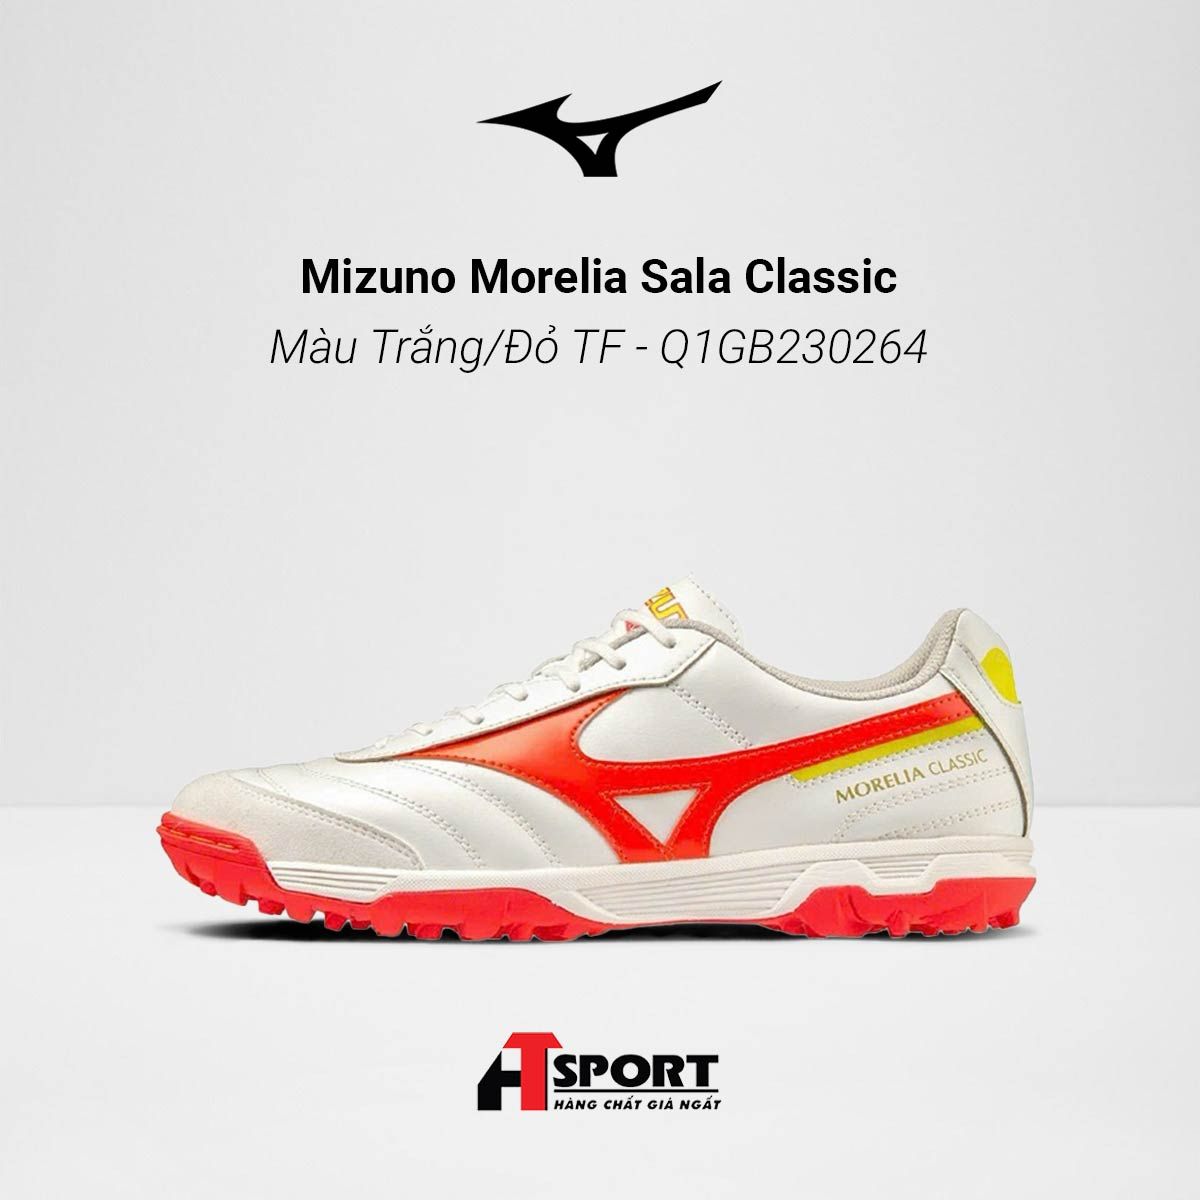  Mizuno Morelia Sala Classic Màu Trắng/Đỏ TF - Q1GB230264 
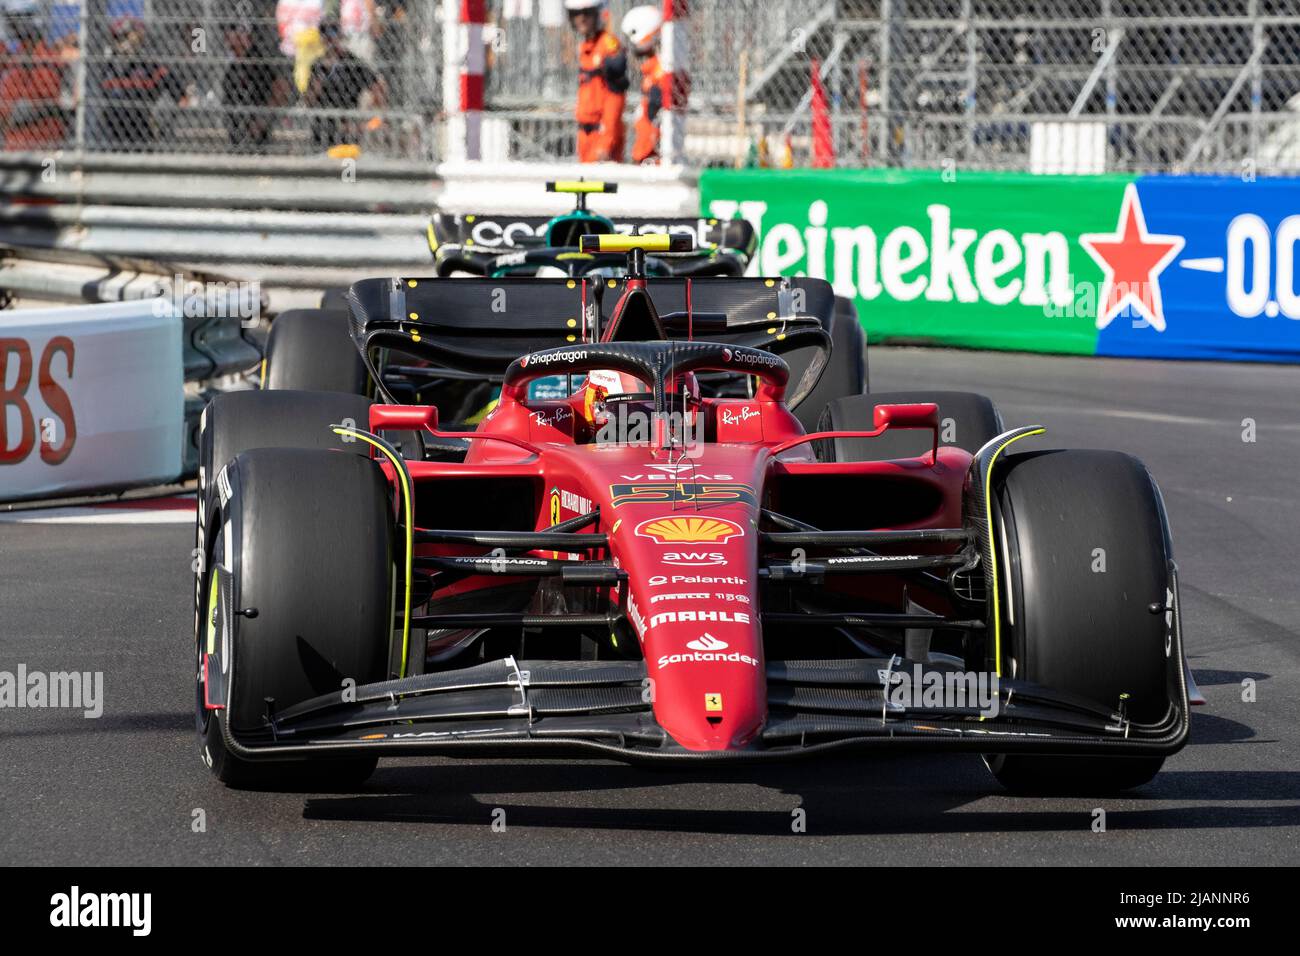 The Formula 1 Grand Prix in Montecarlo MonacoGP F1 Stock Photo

--

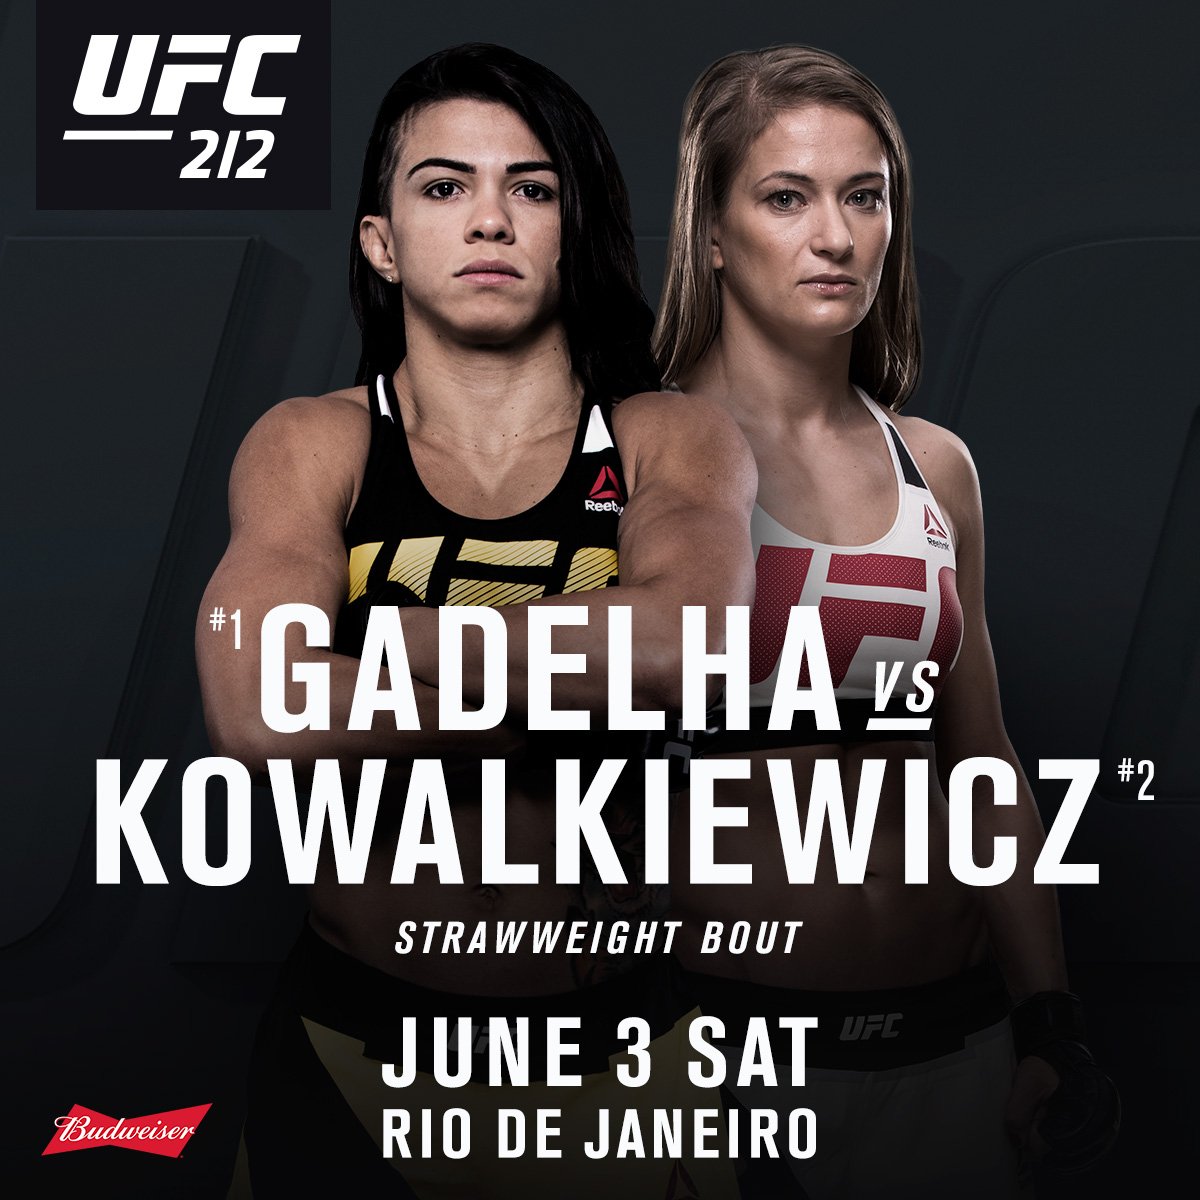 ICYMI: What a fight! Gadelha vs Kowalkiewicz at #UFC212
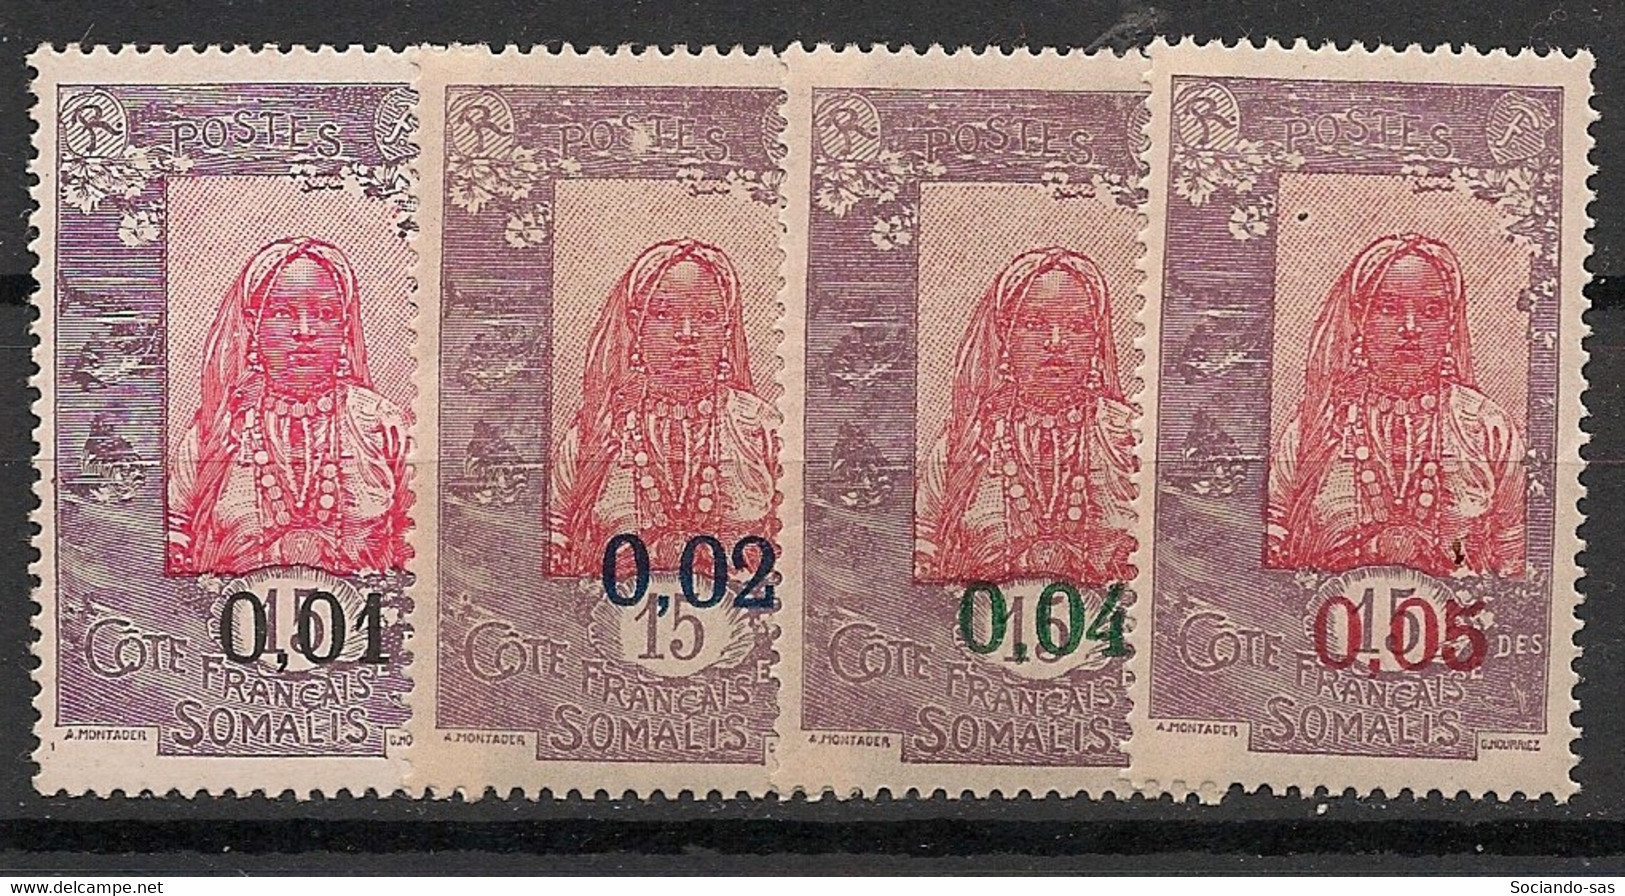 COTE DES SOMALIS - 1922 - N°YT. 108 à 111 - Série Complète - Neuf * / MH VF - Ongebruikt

---

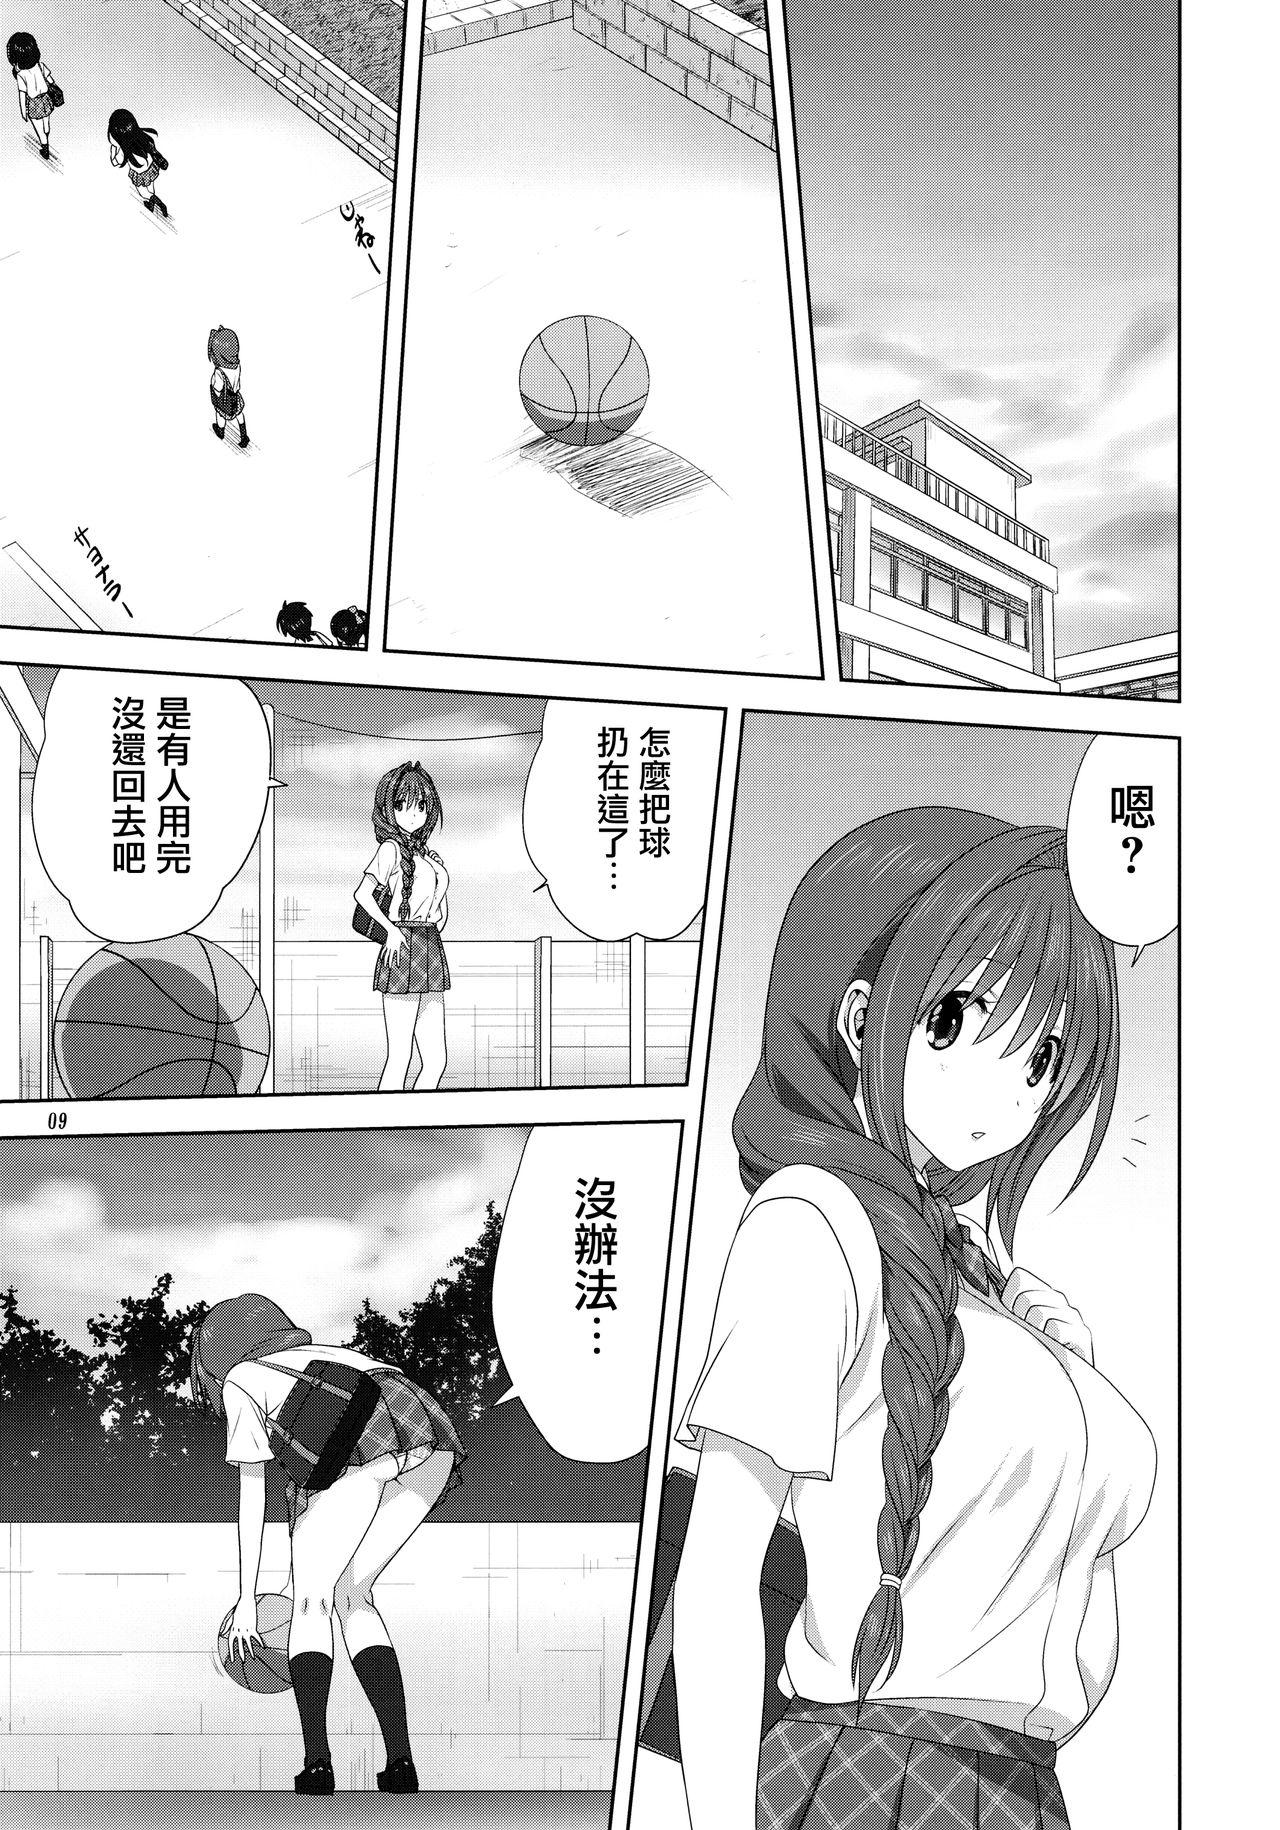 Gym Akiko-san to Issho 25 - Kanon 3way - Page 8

Work item: Quote the lines above exactly, starting with the one that has "Mizuno Morelia Sala" and ending with the one that has "The Formula 1"; drop the pictures and include nothing else.

Written solution:
  Mizuno Morelia Sala Classic Màu Trắng/Đỏ TF - Q1GB230264 
 The Formula 1 Grand Prix in Montecarlo MonacoGP F1 Stock Photo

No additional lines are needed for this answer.